THE ASSOCIATION'S MEMBERS
The Coral Reef Hotels Association is made up of hotels which value healthy coral reefs and clean clear waters near their hotel as the most essential asset for vibrant marine life, our climate and sustaining guest enjoyment, and their business, in the long term.
Membership of the association is automatic for hotels marketed on coralreefhotels.com, a booking channel for those travellers with a serious interest in contributing to vibrant reefs, clear clean blue waters and healthy oceans.
A plaque indicating association membership may be used by each hotel at its entrance and/or reception.
Coral Reef Hotels Association members invest in blue oceans and reef regeneration and engage their guests for the benefit of enriching their stays and the reefs at the same time.

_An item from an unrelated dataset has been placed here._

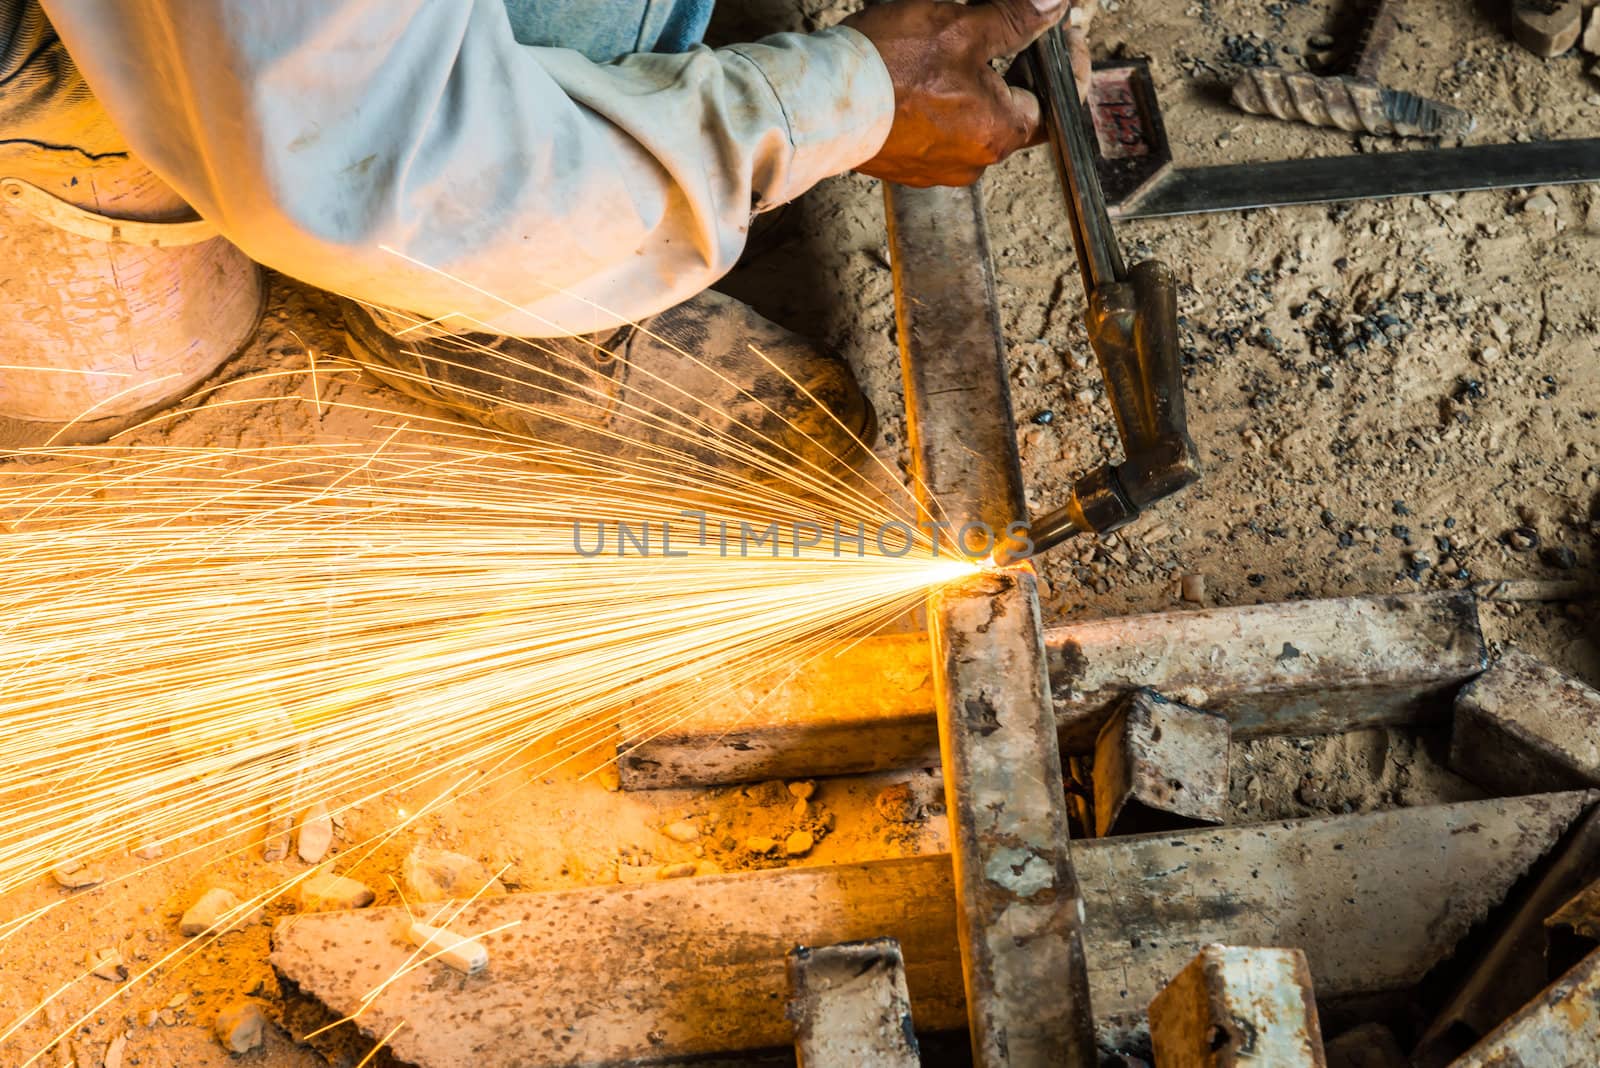 metal cutting with acetylene torch by wmitrmatr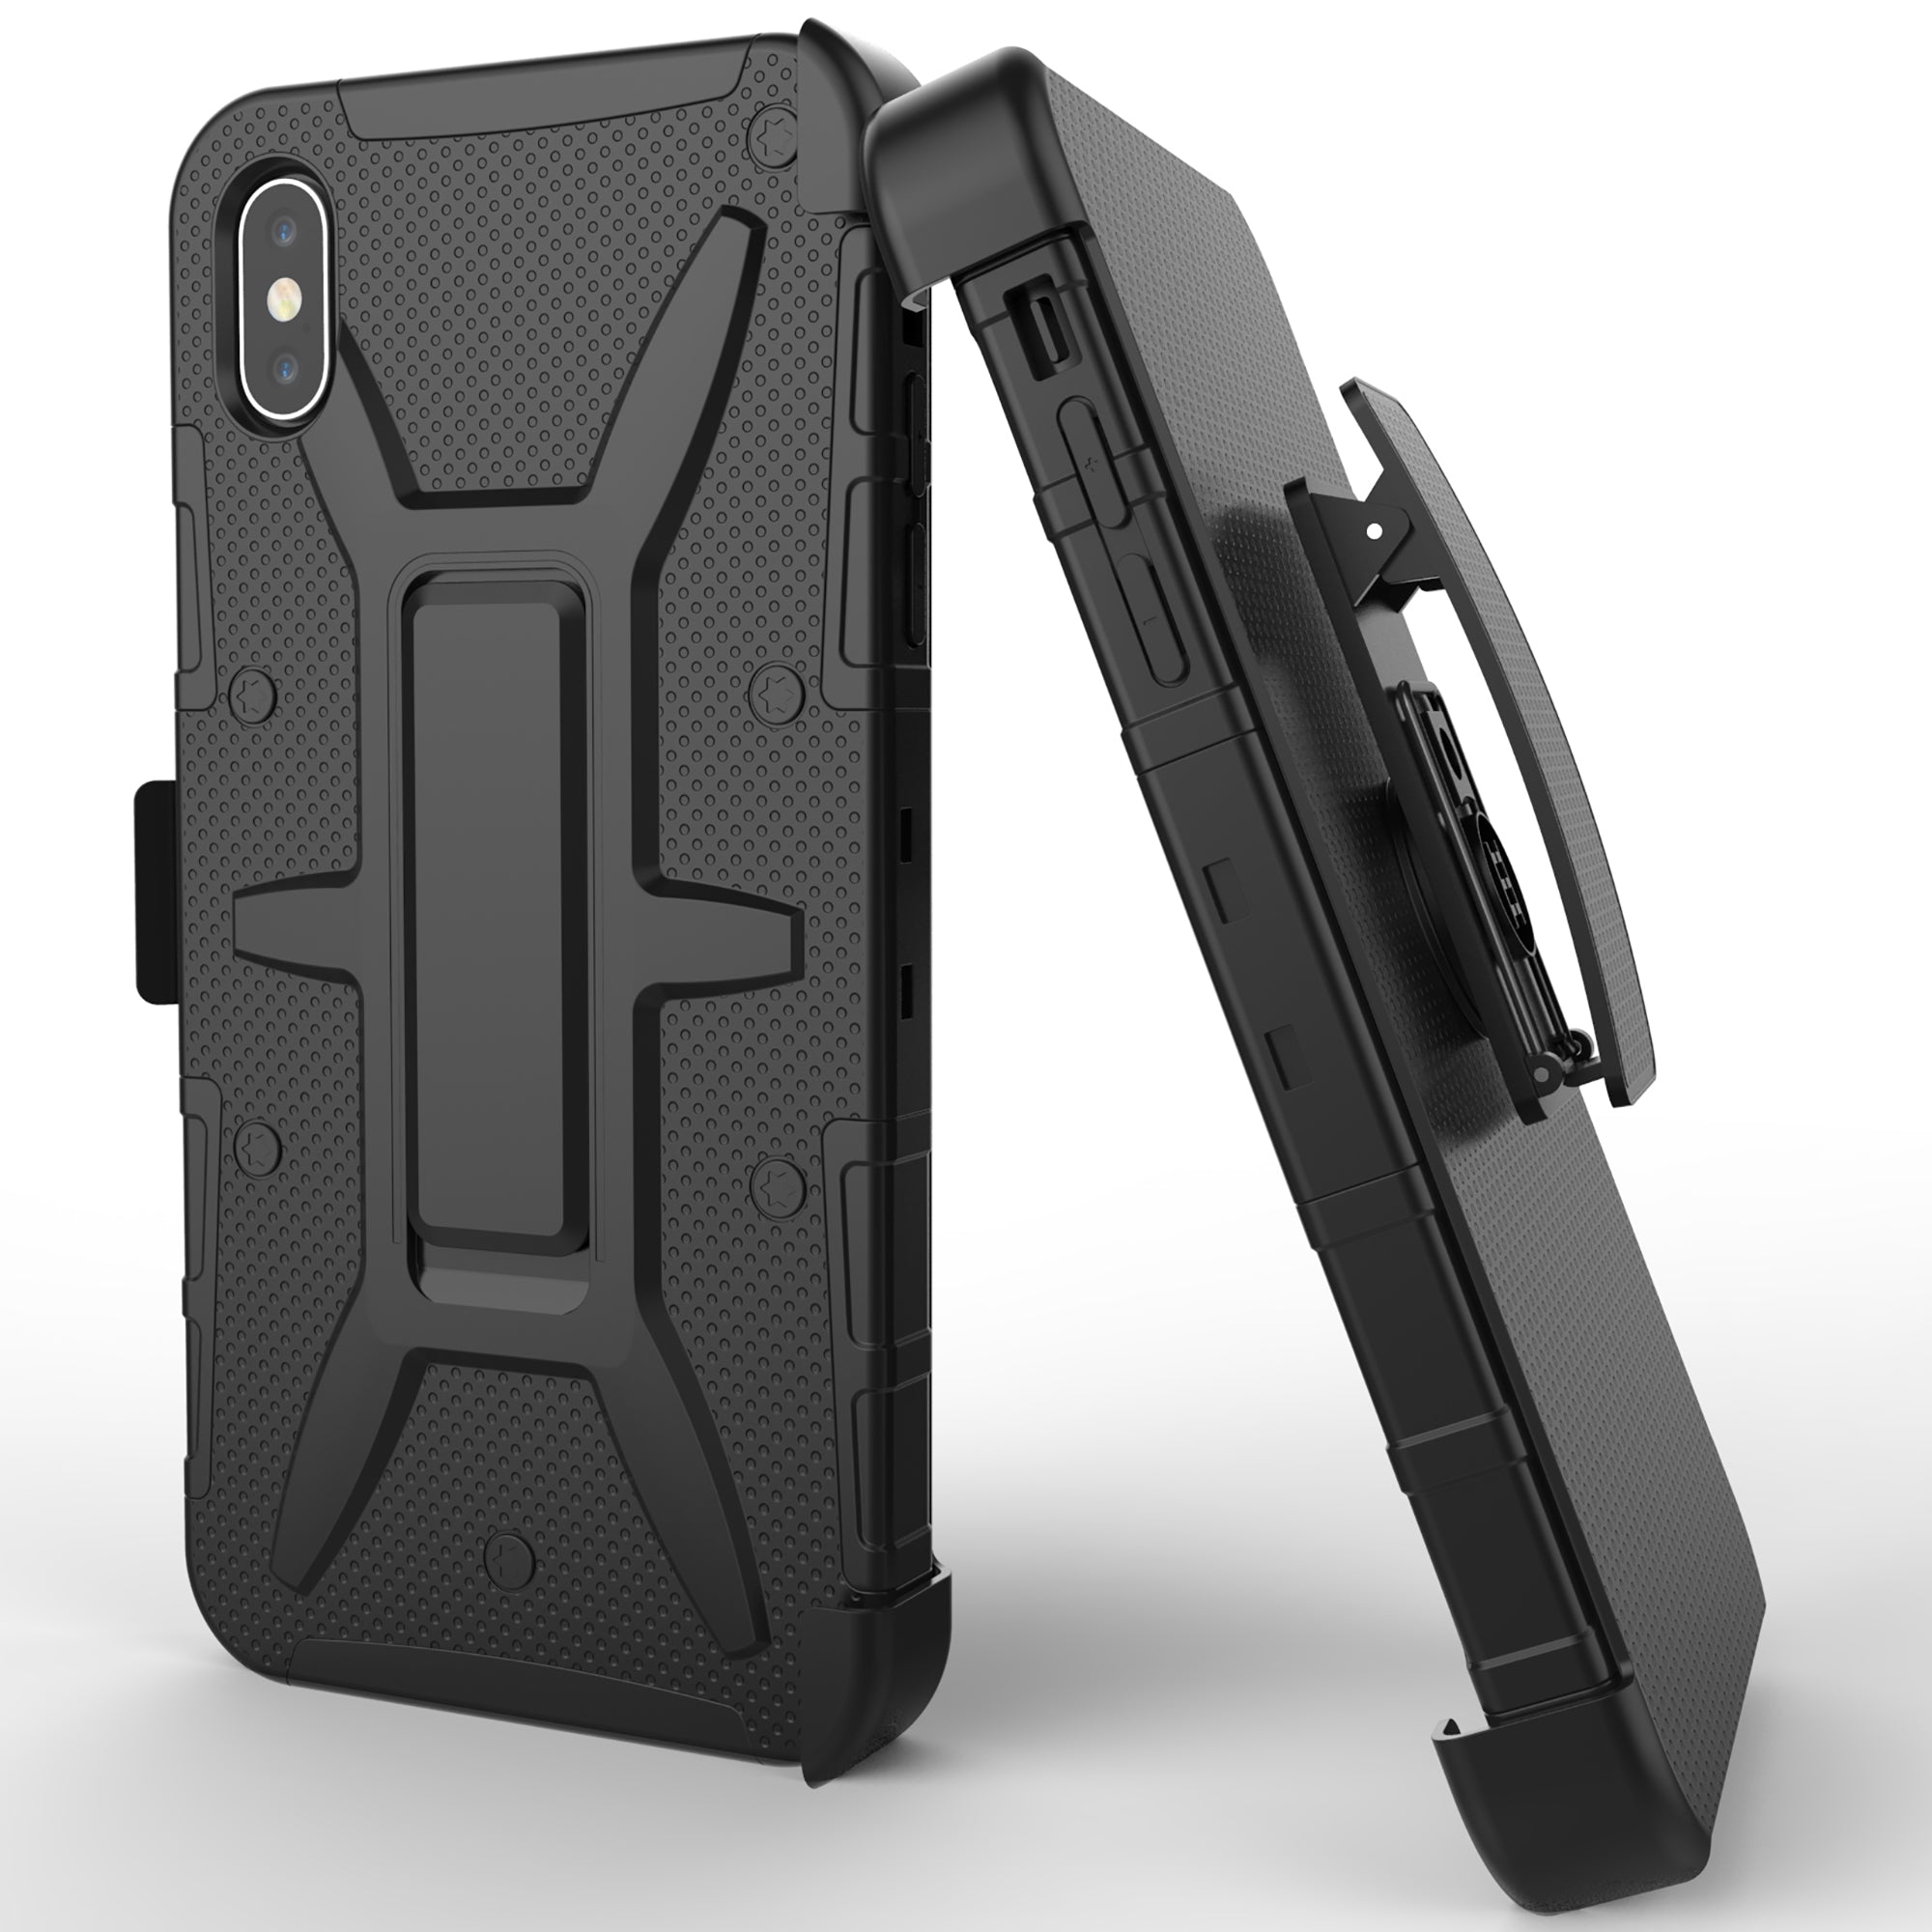 Luvvitt NCY iPhone XR Armor Case With Belt Clip Holster and Kickstand 6.1 2018 Black

Member hotels also jointly benefit from having a unified global voice and see a presence on the world stage in support of the ecological efforts already being made by the nations and regions where they are located.
ORIGINS AND MISSION
MISSION
Our mission is to protect and regenerate reefs through staff and guest engagement and build on the work already being done at reef-side hotels. Additionally, we are dedicated to bringing unique guest-facing technology to members.
With so many reef-regeneration projects around the world, it proved difficult for us to choose one to support with relevance to hotels in so many diverse locations.
Instead, we are lending our support to the development of an app designed to provide guests with ultimate safety and comfort through the provision of real-time actionable data for their time on the beach, beside the pool and in the ocean.
ORIGIN
The Coral Reef Hotels Association was incubated at The Going Blue Foundation - a UK registered charity originally founded by sustainability expert Susannah Stewart, leading marine scientist Prof. Roberto Danovaro and blue innovator Allard Marx.
Active in oceanic regeneration since 2010, the Foundation pioneered the attribution of monetary value to the damage caused by marine pollutants taken from one source at a time. (i.e. factory, port, company, ship etc). The resulting aquatic equivalent of the carbon footprint, dubbed 'acquatrail', was first presented at the most senior sustainability level of corporates like Shell and IBM in 2012.
The first application of the acquatrail was a comprehensive study of the monetary value of marine damage caused by cruise shipping in the Caribbean.
Marine Positive, a system to assist sources of pollutants to diminish their marine pollution acquatrail and subsequently to ultra-offset (over compensate) this with oceanic good works, soon followed.
Subsequent to this, the foundation developed Corabón, a blue print for island actions to diminish ocean pollution. This innovation was widely lobbied to island nations' presidents and governors and surely paved the way for such later initiatives as Island Innovation.